Carbon capture earning credits

Saudi Arabia is hardly a pioneer in embracing low-carbon energy alternatives. With an economy rooted in hydrocarbons, there has been little incentive to diversify into low-emission technologies. But Xenel Industries aims to change this. Through the Xenel-Balderrie affiliate, formed in association with Canadian specialists, it has signed the first clean development mechanism (CDM) contracts with Saudi companies.

Gaining credits

CDM is part of the Kyoto Protocol under which countries in the developed world are committed to investing in reducing greenhouse gas pollution in developing countries. It enables projects that reduce carbon emissions to gain carbon credits, which can then be traded. The global market was worth $30bn in 2006 and the Dubai Multi Commodities Centre is working on creating a regional trading platform.

Xenel-Balderrie considers itself a specialist in project finance, policy and technology associated with greenhouse gas reduction in energy-intensive sectors. It aims to help policymakers and project owners generate equity equal to a large part of the investment needed to achieve reductions in greenhouse gas emissions.

The company claims to offer a one-stop service to cover all steps in CDM project implementation. It aims to cut out brokers or traders and enable clients to realise the full earnings potential from the CDM process.

The model is simple: by being prepared to assume the expenses to develop the ‘Kyoto Model’ of industrial projects, Xenel-Balderrie takes a co-development role in these projects, freeing companies from having to pay out large fees to consultants and marketers.

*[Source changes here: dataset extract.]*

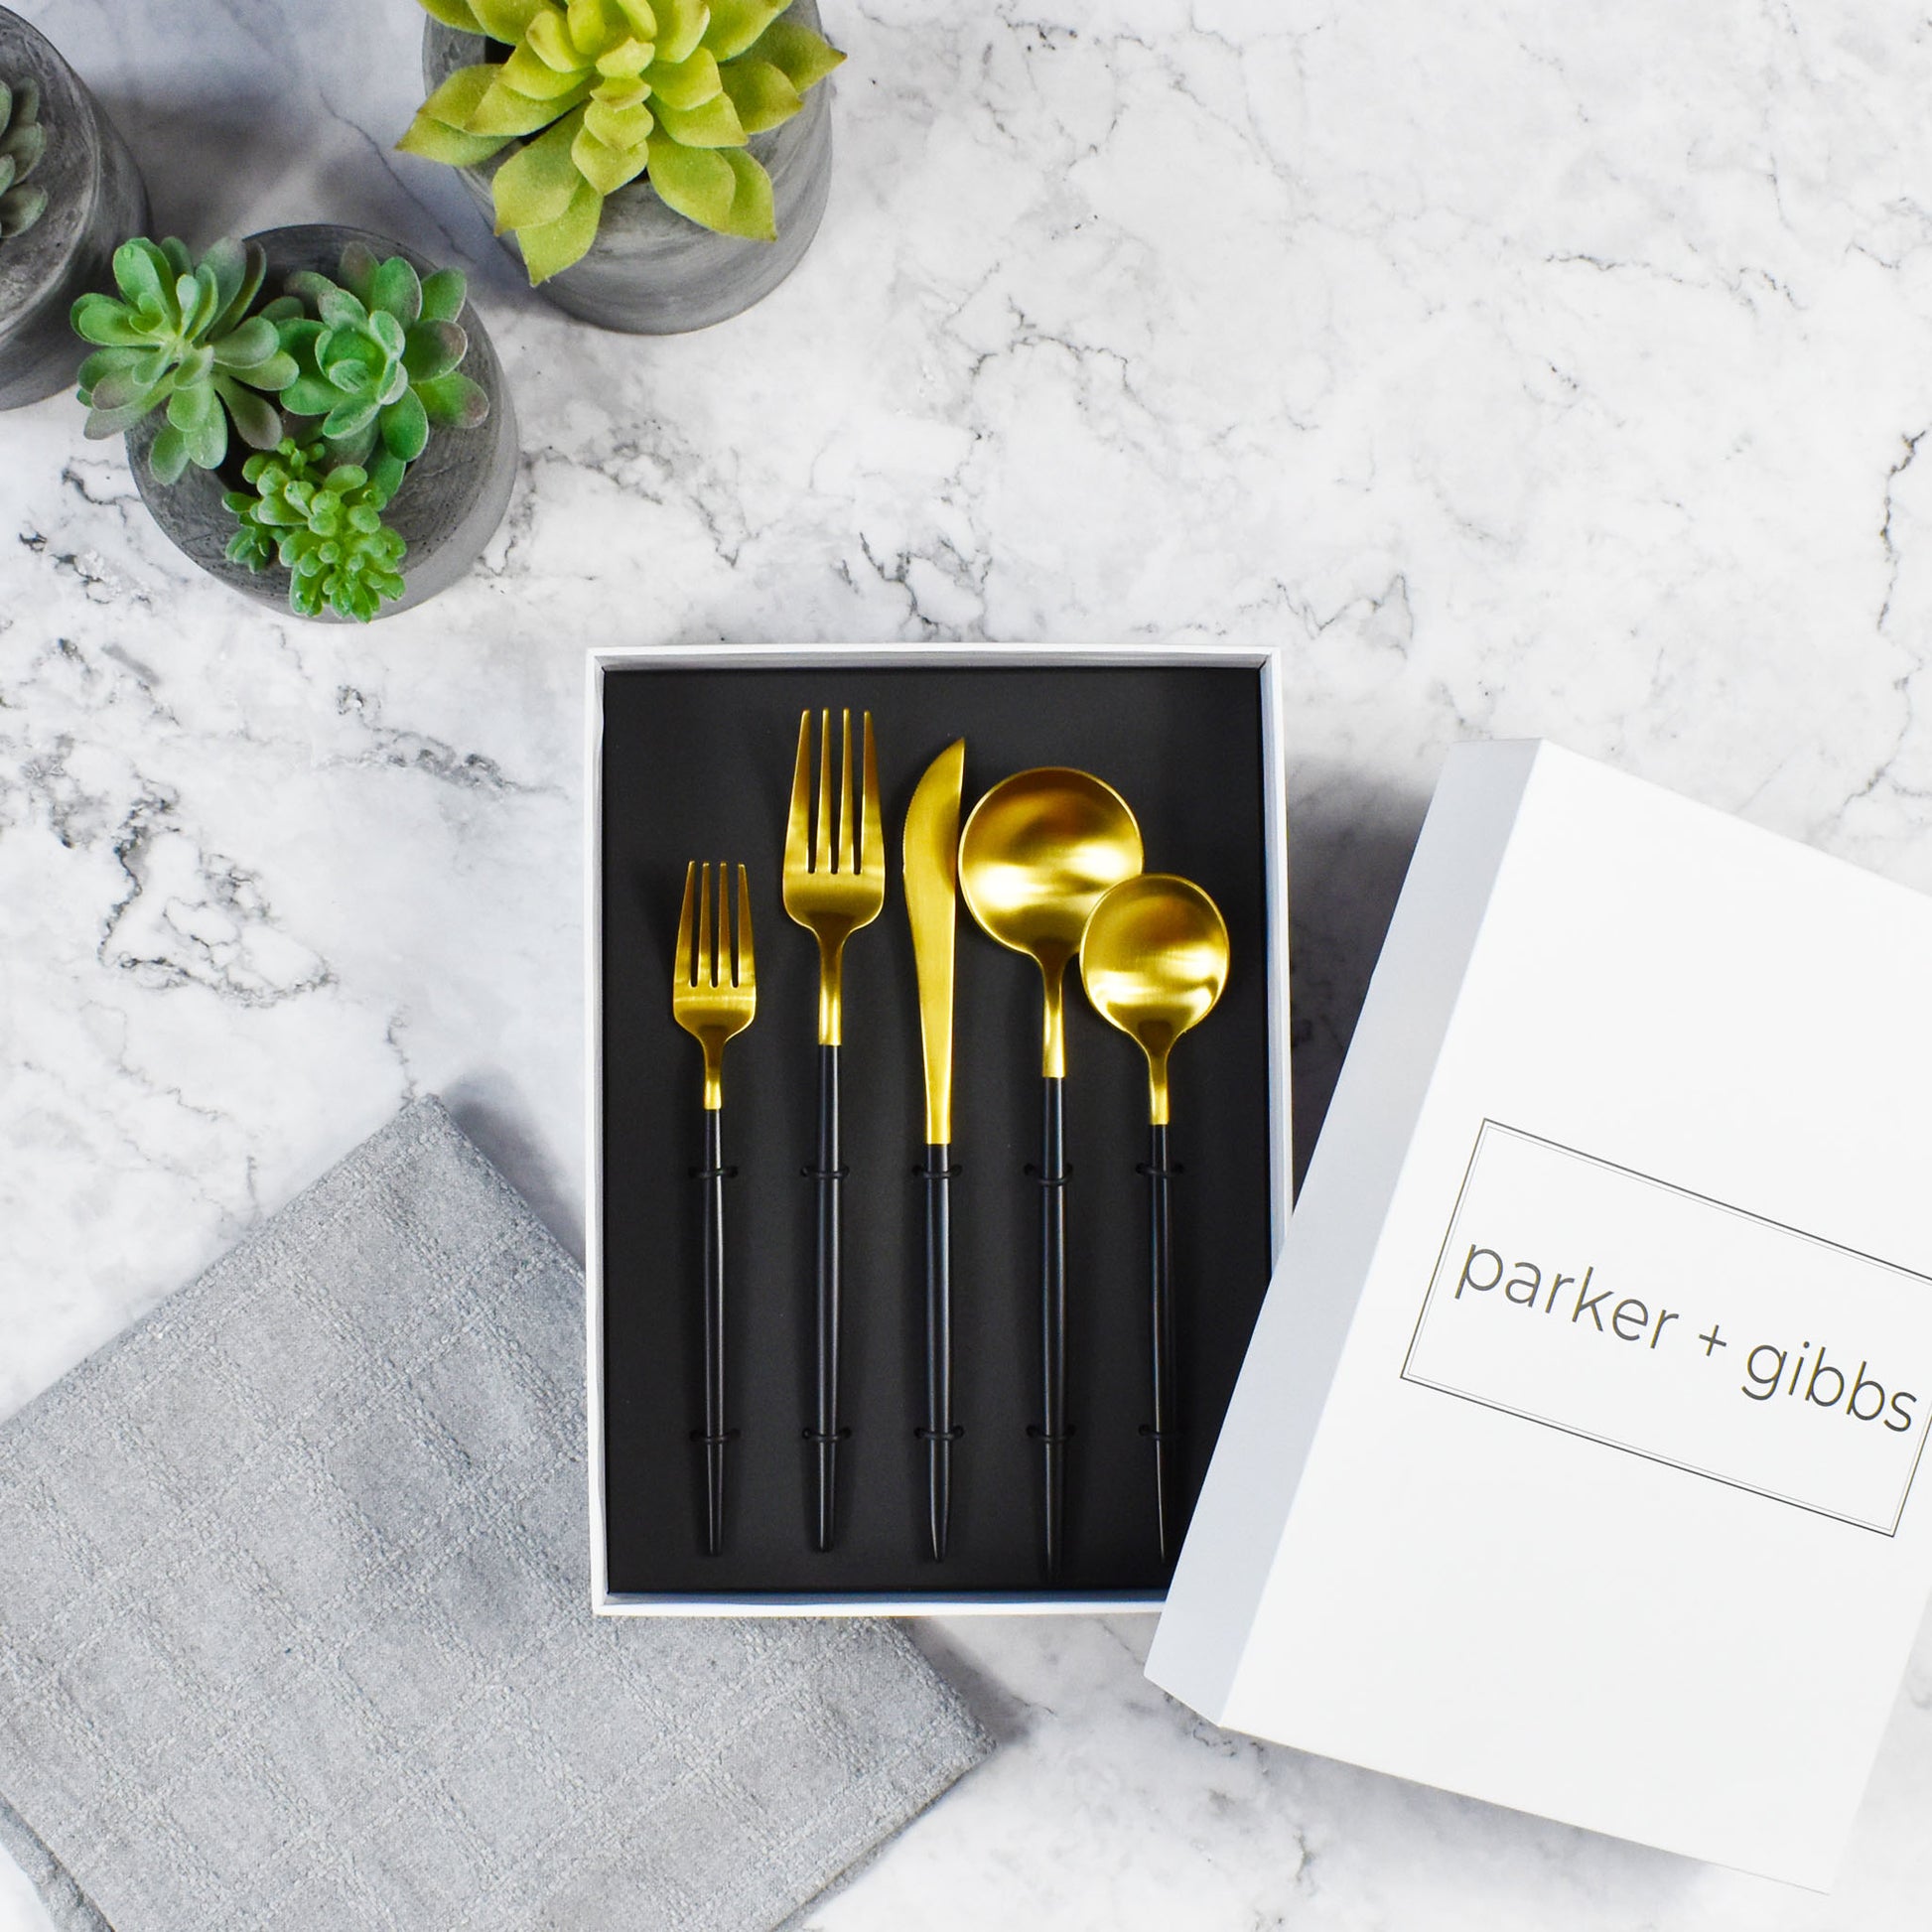 Brushed gold and black handle flatware in custom box on marble countertop with succulents in concrete planters.

It is also offering strategic advisory services to governments in the area of climate change policy. This will include introducing internal emissions trading systems, the optimi-sation of national emission-reduction programs, identi-fication of CDM project opportunities, and the development of national regulatory and legal frameworks to enhance CDM project approval and attract foreign direct investment.

Xenel has the experience to improve its credentials in this area. The executive partner is Rachad Itani, an experienced Lebanese banker who heads a team that includes several senior CDM experts. The advisory board is staffed with prominent policymakers including Rolf Linkohr, a former special adviser to the EU energy commissioner.

The affiliate’s first clients were two firms from the Xenel stable: Safra, a producer of solvents and aromatics, and Saudi National Petro-chemical Company (Natpet). Both launched programmes in 2006.

But Xenel is confident that the model will appeal to others, as CDM-enhanced finance is capable of improving the bottom line. According to Itani, CDM-enhanced project finance could provide a significant boost to the internal rate of return.

As he told a conference in 2007, the gases covered by the Kyoto Protocol - carbon dioxide, methane and nitrous oxide - provide the greatest value.

CDM projects are not intended simply as ends in themselves, but also as a means to reduce long-term operating costs. CDM-generated equity could account for a significant percentage of total equity, and help turn projects from borderline profitability into investment-grade schemes.

Building infrastructure

However, it remains to be seen how fast the Xenel-Balderrie model will catch on - at least without an element of official compulsion.

The firm says GCC governments are starting to put structures and capacities in place to build the necessary infrastructure for CDM project licensing and support.

With international regulation on emissions getting tougher, it makes sense for Gulf firms to be able to access a locally-based resource, with knowledge of the local market.

Xenel-Balderrie may take time to emerge as a major revenue-generating arm of Xenel. This is unlikely to worry Xenel strategists - the firm likes to take a long-term view, a strategy that has delivered results in the past.

With carbon capture and sequestration becoming public policy issues in the Gulf, Xenel says it will pay to stay ahead in this area.